I'm usually reluctant to bring up any of this unorthodox stuff because people who are also not credentialled physicists immediately jump down my throat and start defending Einstein or reading passages from one of Brian Greene's books. So I applaud your willingness to even read some of those articles.

Where to find debate? The MetaResearch site has forums, and Van Flandern mentions various other discussion forums. By no means did he cook up the Meta Model and instantly gather disciples around himself. There has been a lot of high-brow debate about the finer points of the model, and Van Flandern made adjustments. The above mentioned book, _Dark Matter, Missing Planets and New Comets_, will give the lay reader a basic understanding of the model, but I'm afraid the heavyweight stuff is beyond me, too. (The book does not indulge in complex math—but then again, how many lay books do?)

MetaResearch.org > Cosmology > Gravity lists many articles. At the bottom of the left column you will see "The Meta Cycle" which alludes to the book Pushing Gravity. The book includes articles from over a dozen physicists and astronomers working on Le Sage "corpuscular" gravity. So Van Flandern wasn't some fruitcake babbling to himself. Anyway, "The Meta Cycle" article is just one reply to debate.

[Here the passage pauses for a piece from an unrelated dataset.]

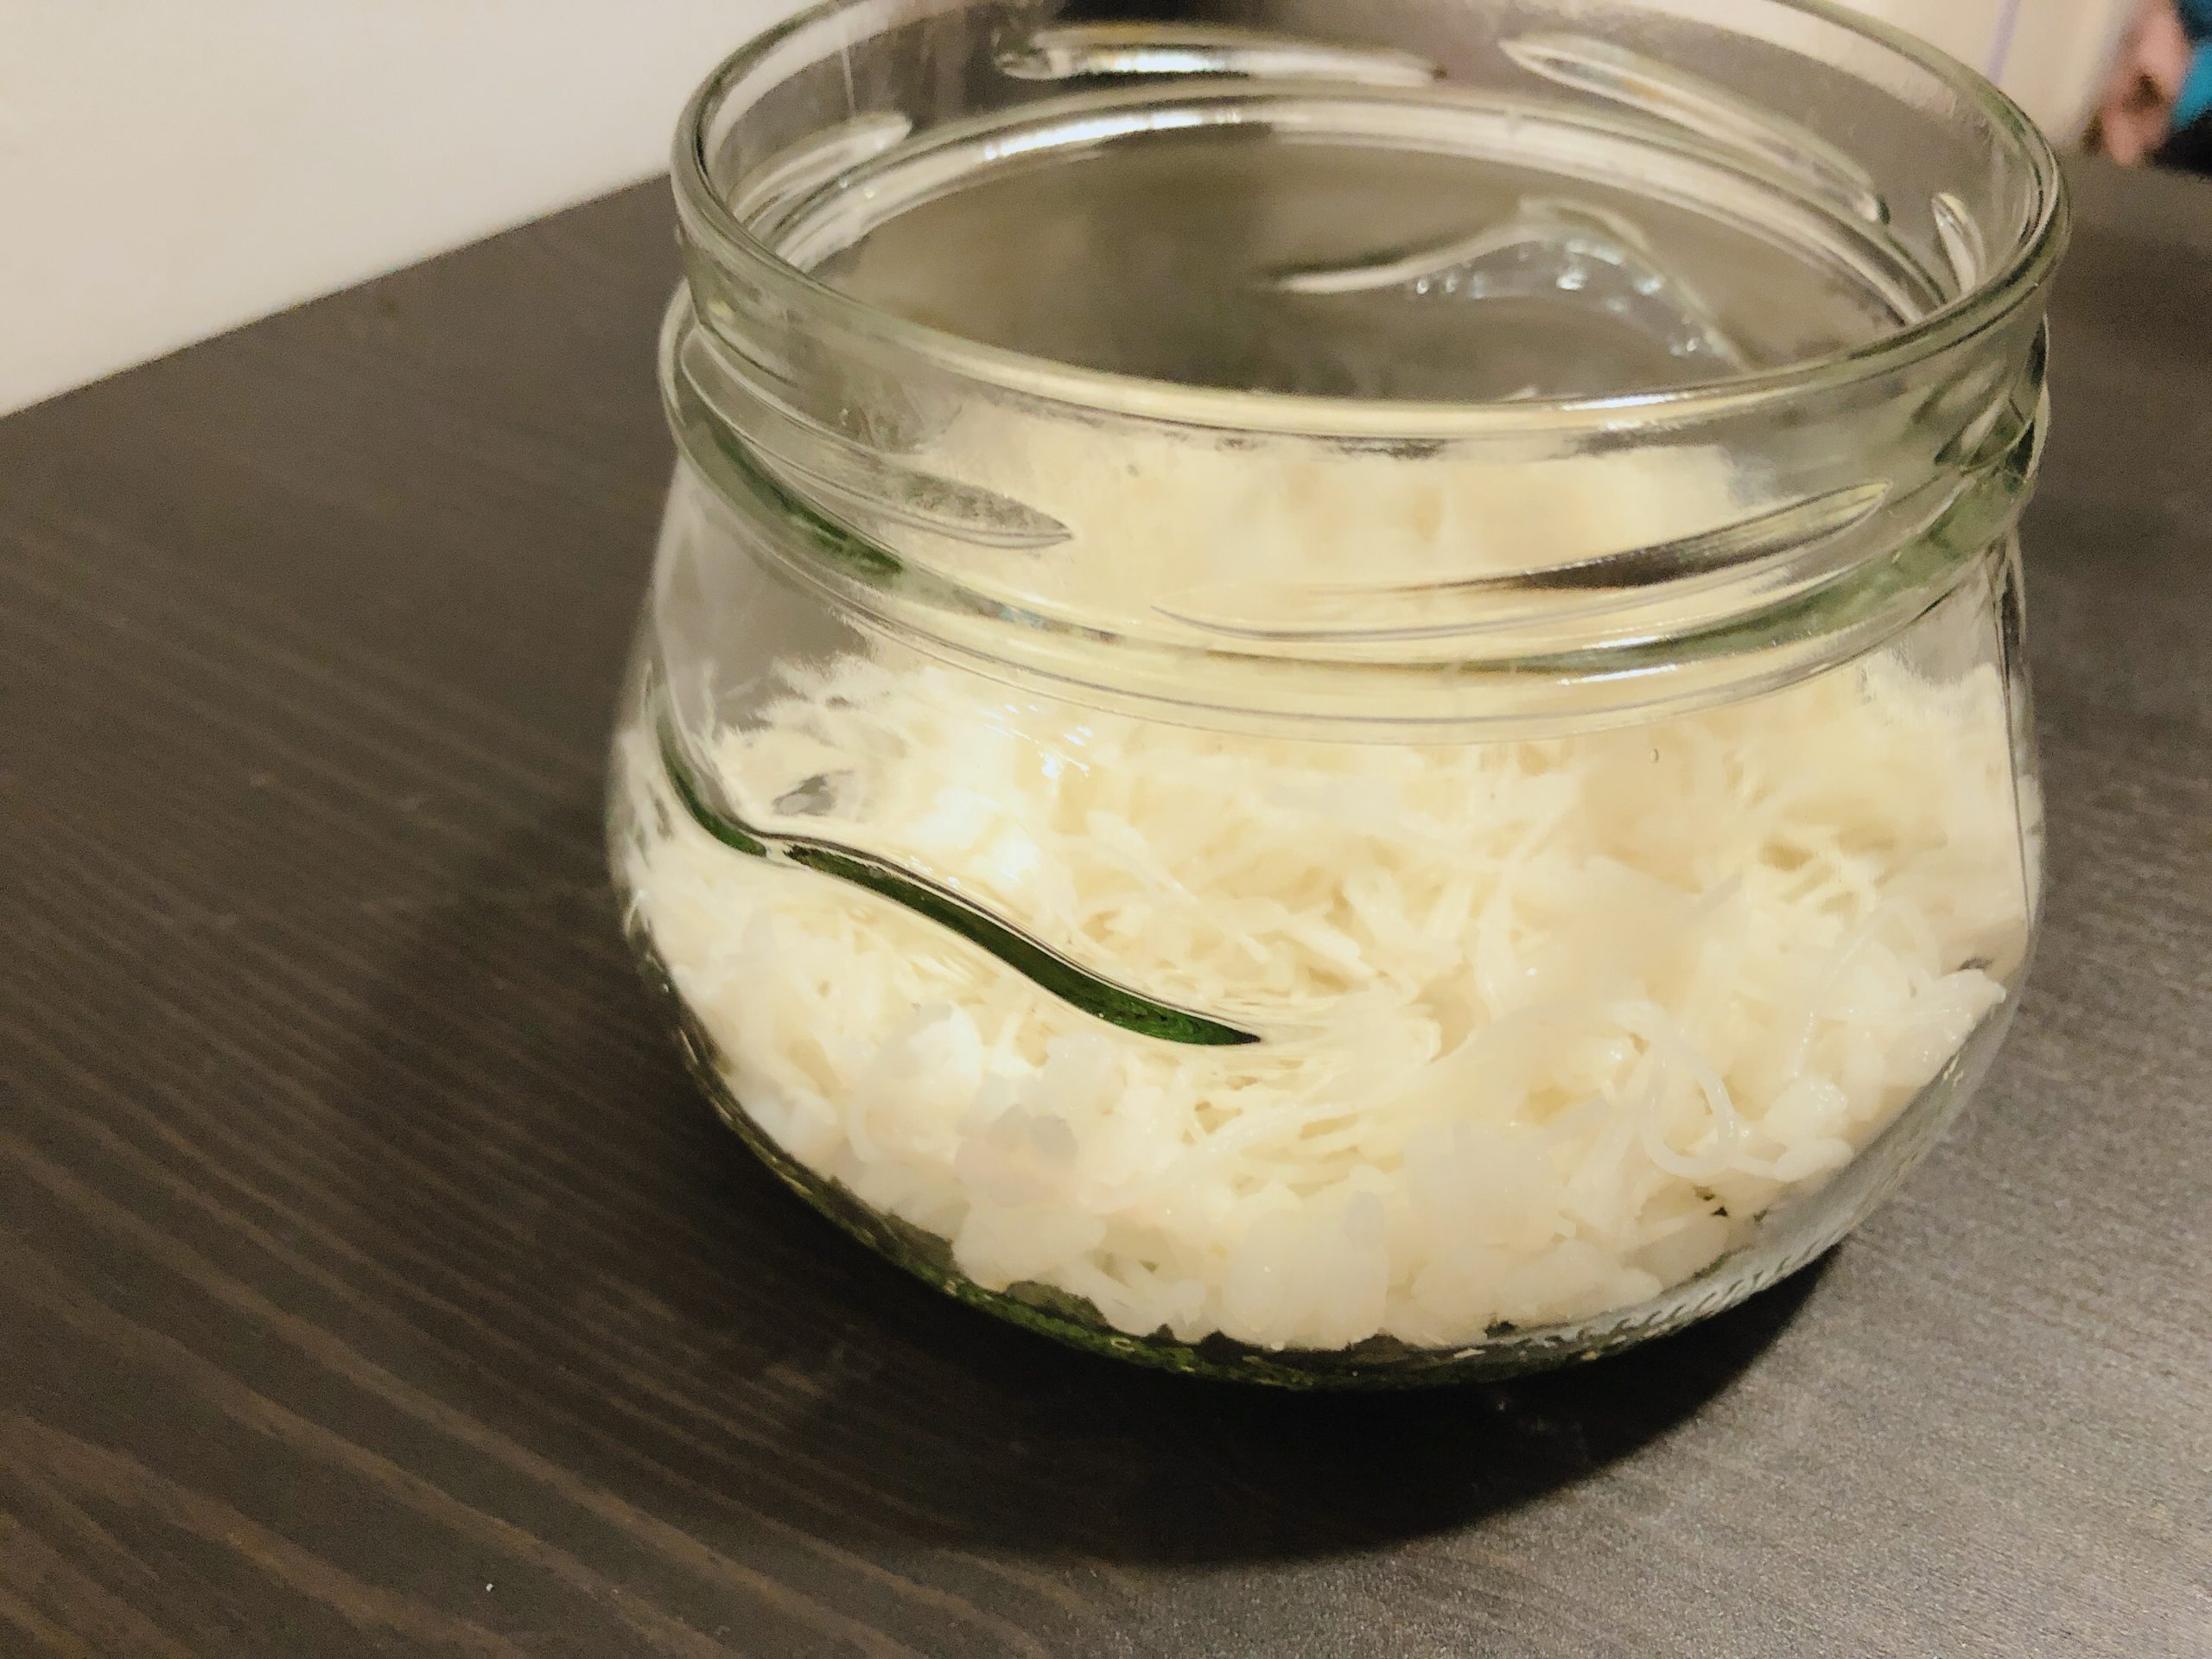 Lebanese Rice Pilaf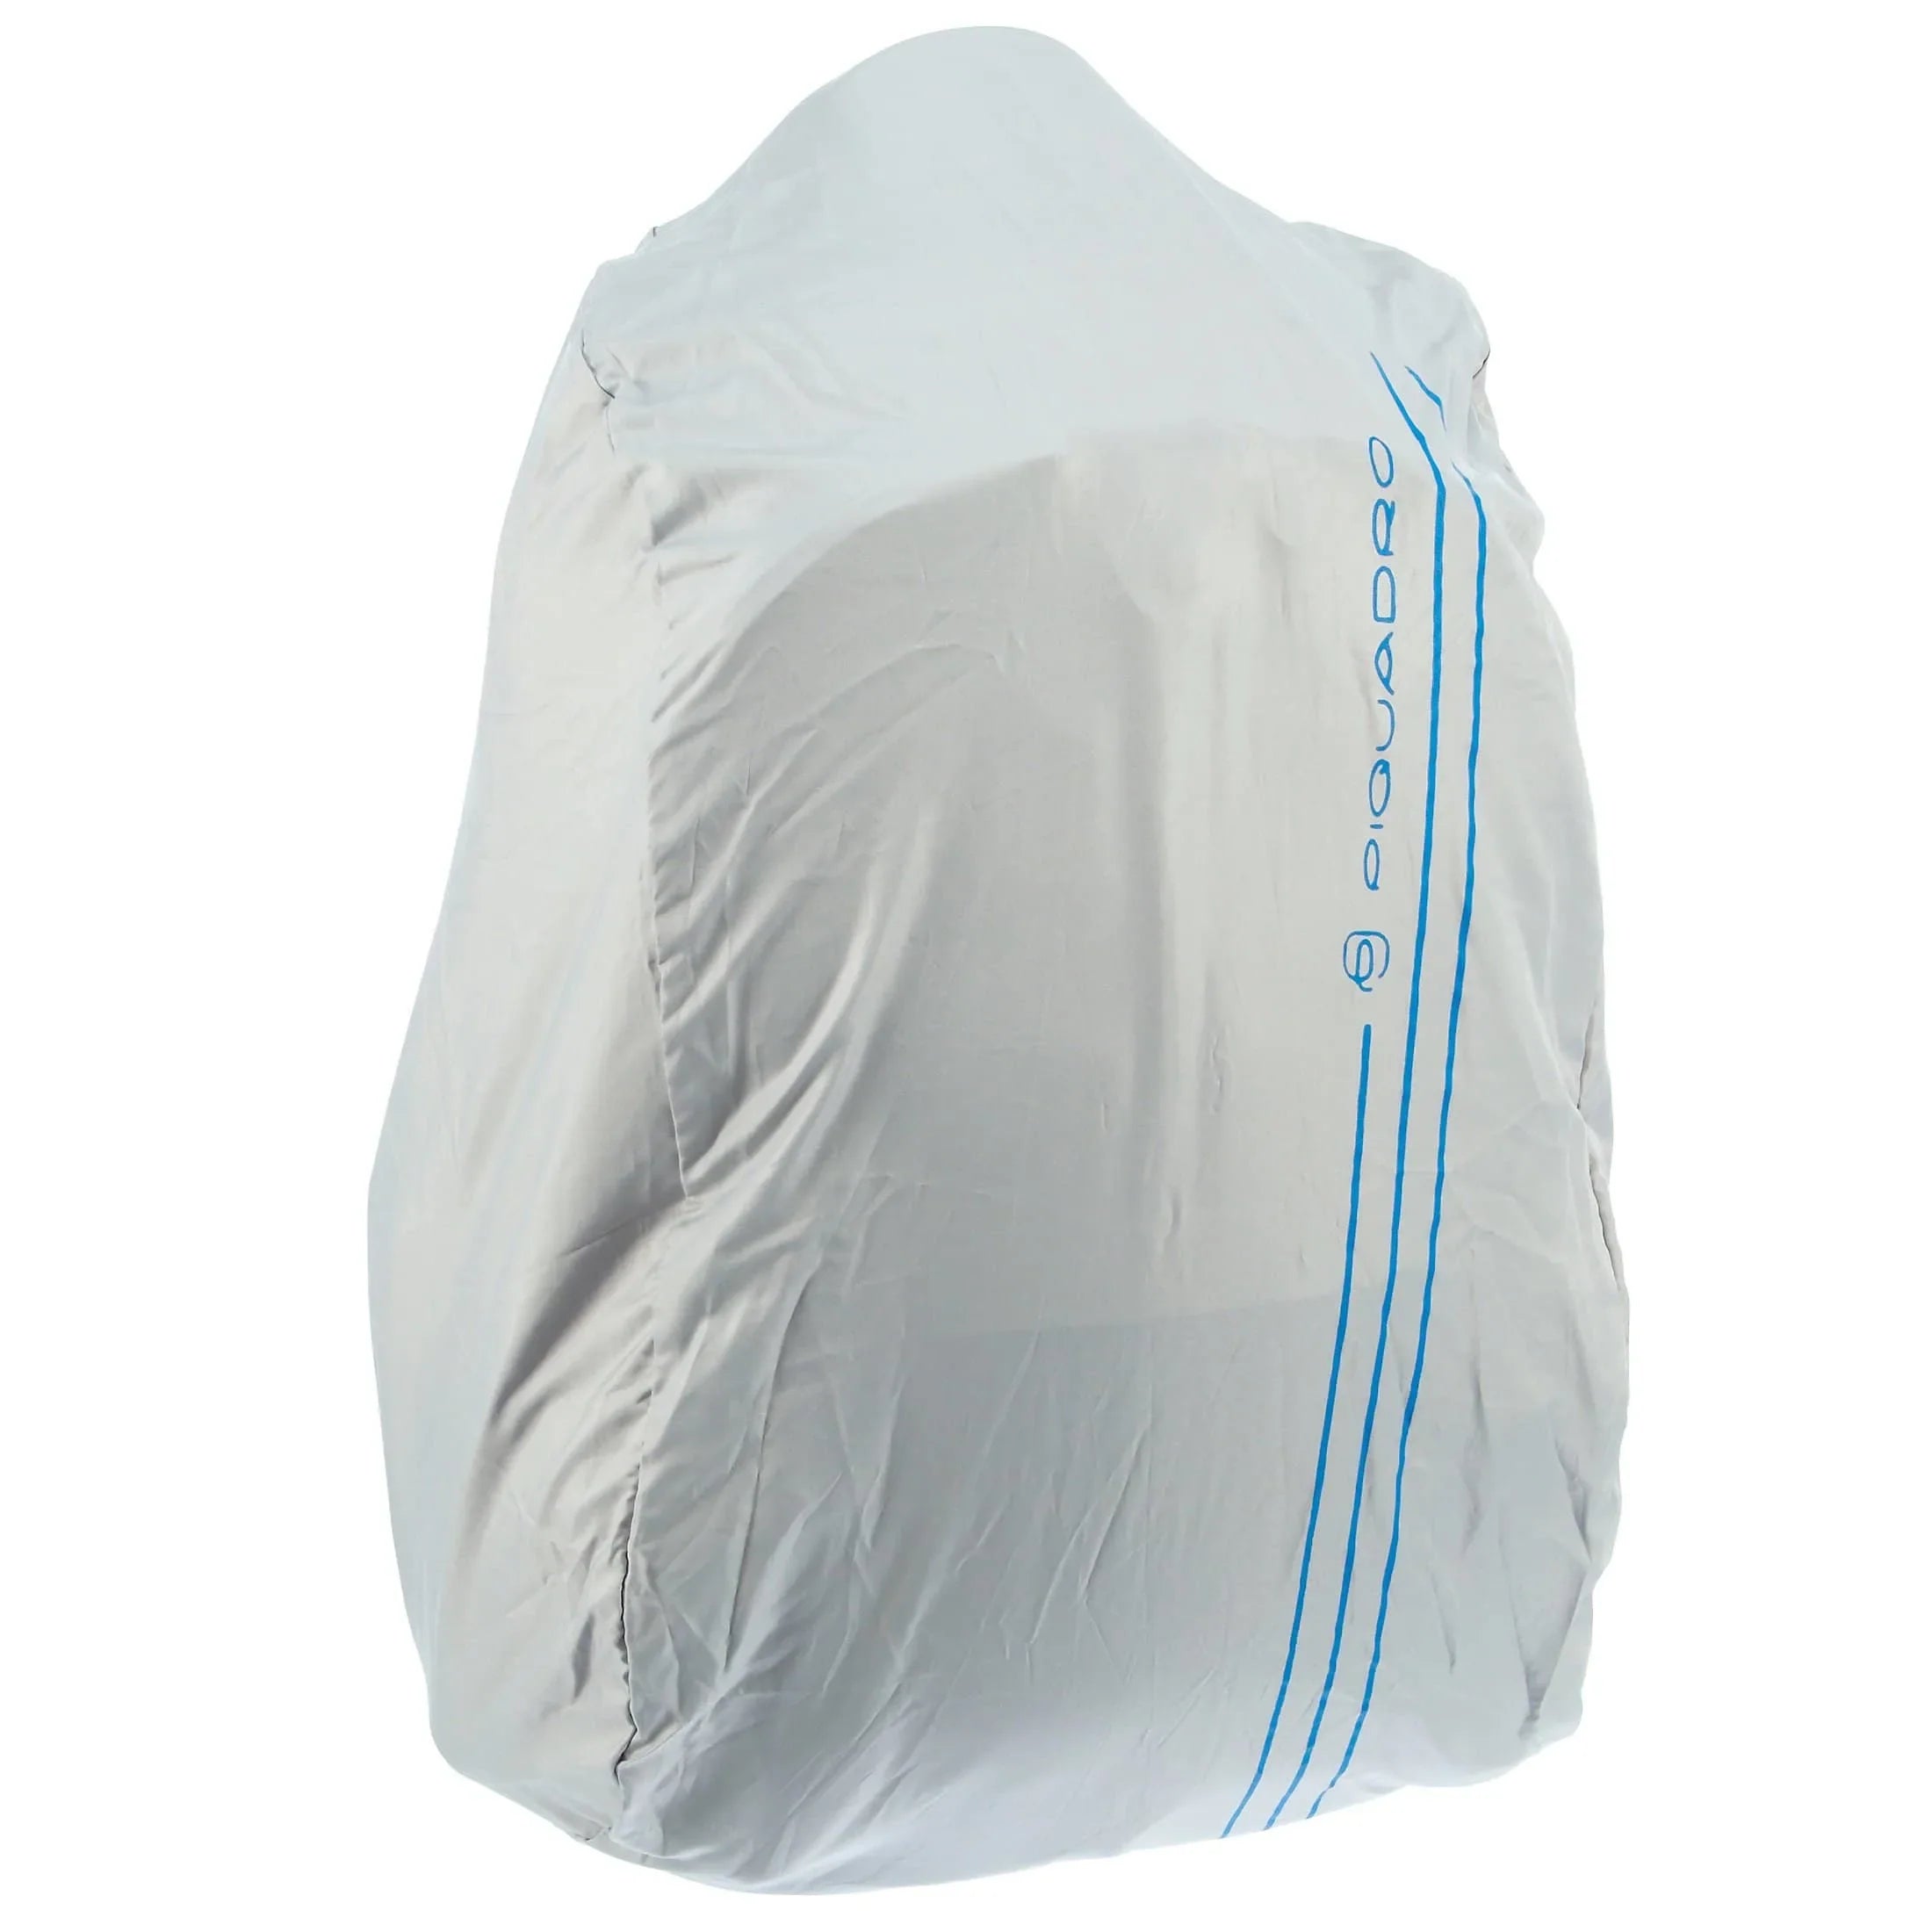 Piquadro Coleos sac à dos pour ordinateur portable 42 cm - bleu foncé/bleu clair

"The Speed of Gravity What the Experiments Say" challenges many aspects of topological gravity ("the rubber sheet"). But in all of that, you want to know what really fascinated me? The Poynting-Robertson effect. I can imagine where such an effect might present problems for the nebular hypothesis of solar system formation. I know telescopes looking into deep space are thought to be watching solar system formation now, but I'm sure a snapshot of one instant in time is inadequate to paint a detailed picture. (Meanwhile Big Bang proponents presume to tell us in excruciating detail _exactly_ what happened in the picoseconds following the Big Bang. No uncertainty. But where the Solar system, and even where the Moon came from are still unsettled mysteries.)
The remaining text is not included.